DVD info from Amazon.

  • Widescreen anamorphic, 1.85:1. 

  • disappointingly few features - a brief making-of piece and a rock video - that's it 

 

Anyway they arrest one of the psychos based on her vision, but then she keeps havin' those movie montage visions with repeatin' phrases, like the psycho's wife sayin' "the ol' slut deserved to die, just a-fuckin' mah man", and every other person in the plot sayin' somethin' 'bout how they wanted to see ol' Katie dead.

In fact, only one guy in town didn't want her dead. Needless to say, he's the one that killed her.
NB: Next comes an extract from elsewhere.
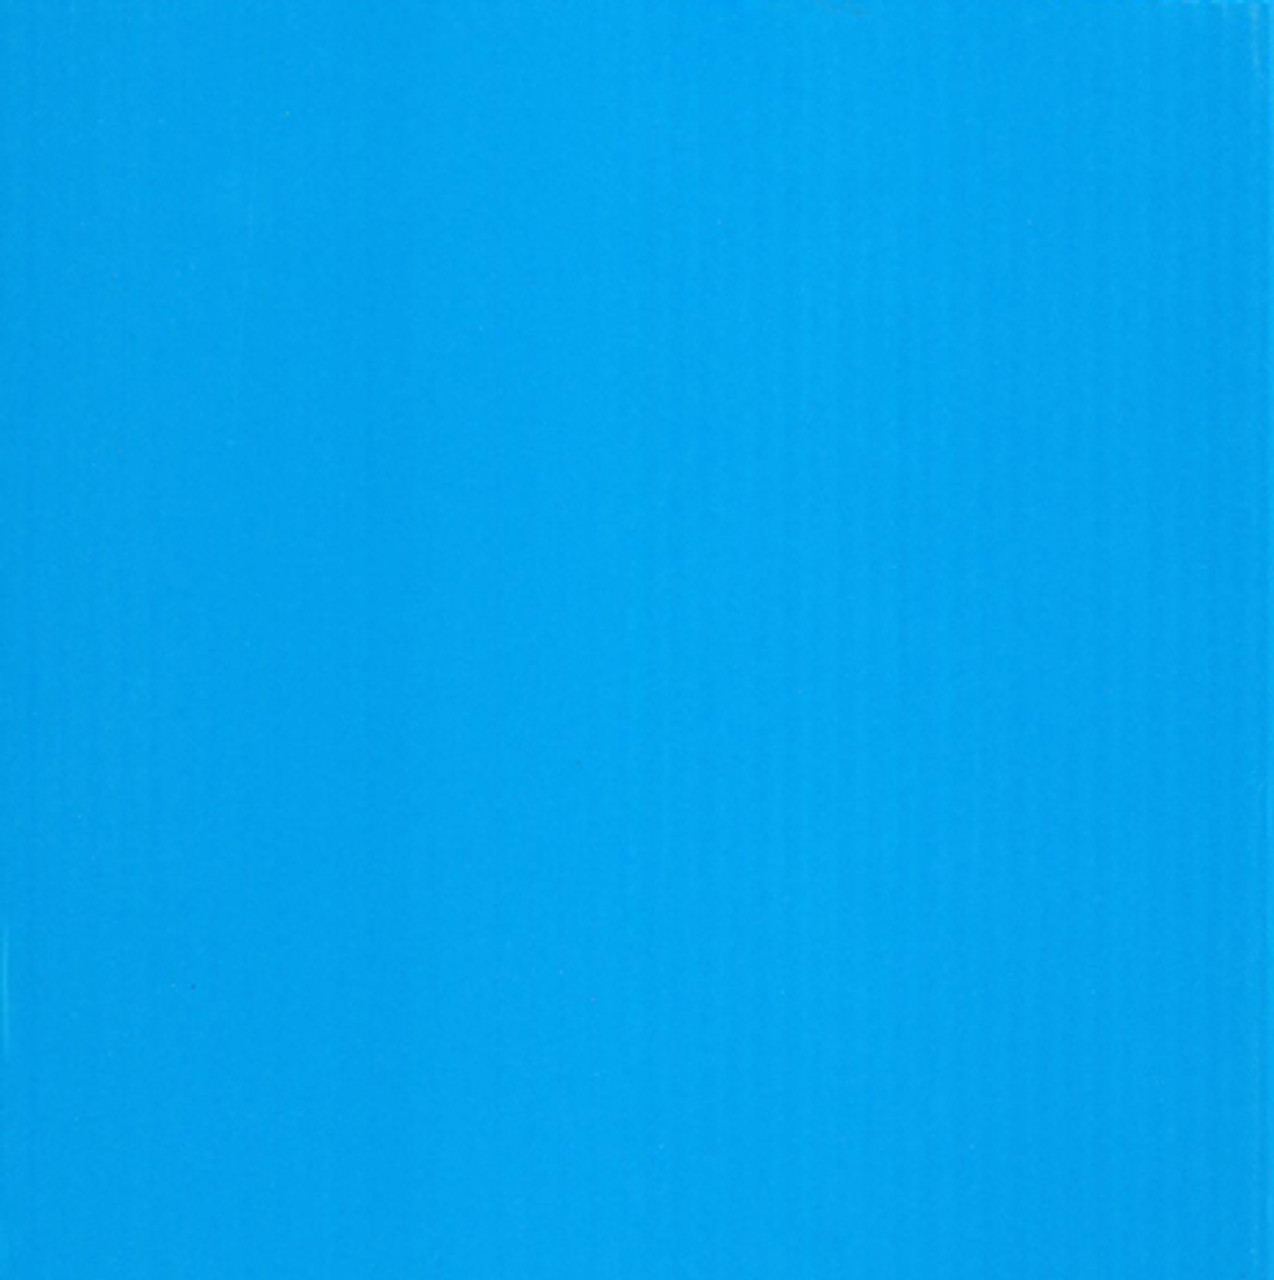 4mm Corrugated plastic sheets: 36 x 36 : 100% Virgin Neon Blue Pad : Single pc

Anyway, it's not a bad flick. The script is predictable and especially cliché-ridden, but that's partially balanced off by competent direction, a really good cast headed by Cate Blanchett, and Katie Holmes's breasts.

Did I mention Katie Holmes's breasts? The first shot of Katie's redoubtable hooters comes 00:01:06 into the film - before the credits! Now that's entertainment. Not to mention the director's accurate assessment of a valuable asset.

The Critics Vote

  • General consensus: three stars. Maltin 2.5/4, Berardinelli 3/4, Ebert 3/4, Apollo 81

  • Rotten Tomatoes summary. 68% positive overall, and 67% from the top critics. (As well-reviewed as Chocolat, which was nominated for the "best picture" Oscar)

The People Vote ...

  • With their votes ... IMDB summary: IMDb voters score it 6.8, Apollo users 80/100.
  • With their dollars ... although it performed in the range of weak/moderate at the box office, with only $12 million gross compared to a $10 million budget, it's expected to become a hit on home video. Guess why? Two reasons, both attached to Katie. It did better in England with about six million dollars gross (roughly equal to a thirty million US gross, given the population difference)
My guideline: A means the movie is so good it will appeal to you even if you hate the genre. B means the movie is not good enough to win you over if you hate the genre, but is good enough to do so if you have an open mind about this type of film. C means it will only appeal to genre addicts, and has no crossover appeal. D means you'll hate it even if you like the genre. E means that you'll hate it even if you love the genre. F means that the film is not only unappealing across-the-board, but technically inept as well.

Based on this description, this film is a C+, except for Katie's breasts, which score an A. Of course, given a solid genre film and Katie's breasts, I reckon you'll want to see it if you have a normal testosterone level. Tuna says "I award B-, agreeing with Ebert and Berardinelli. The film works as a thriller, Sci Fi, and character driven drama."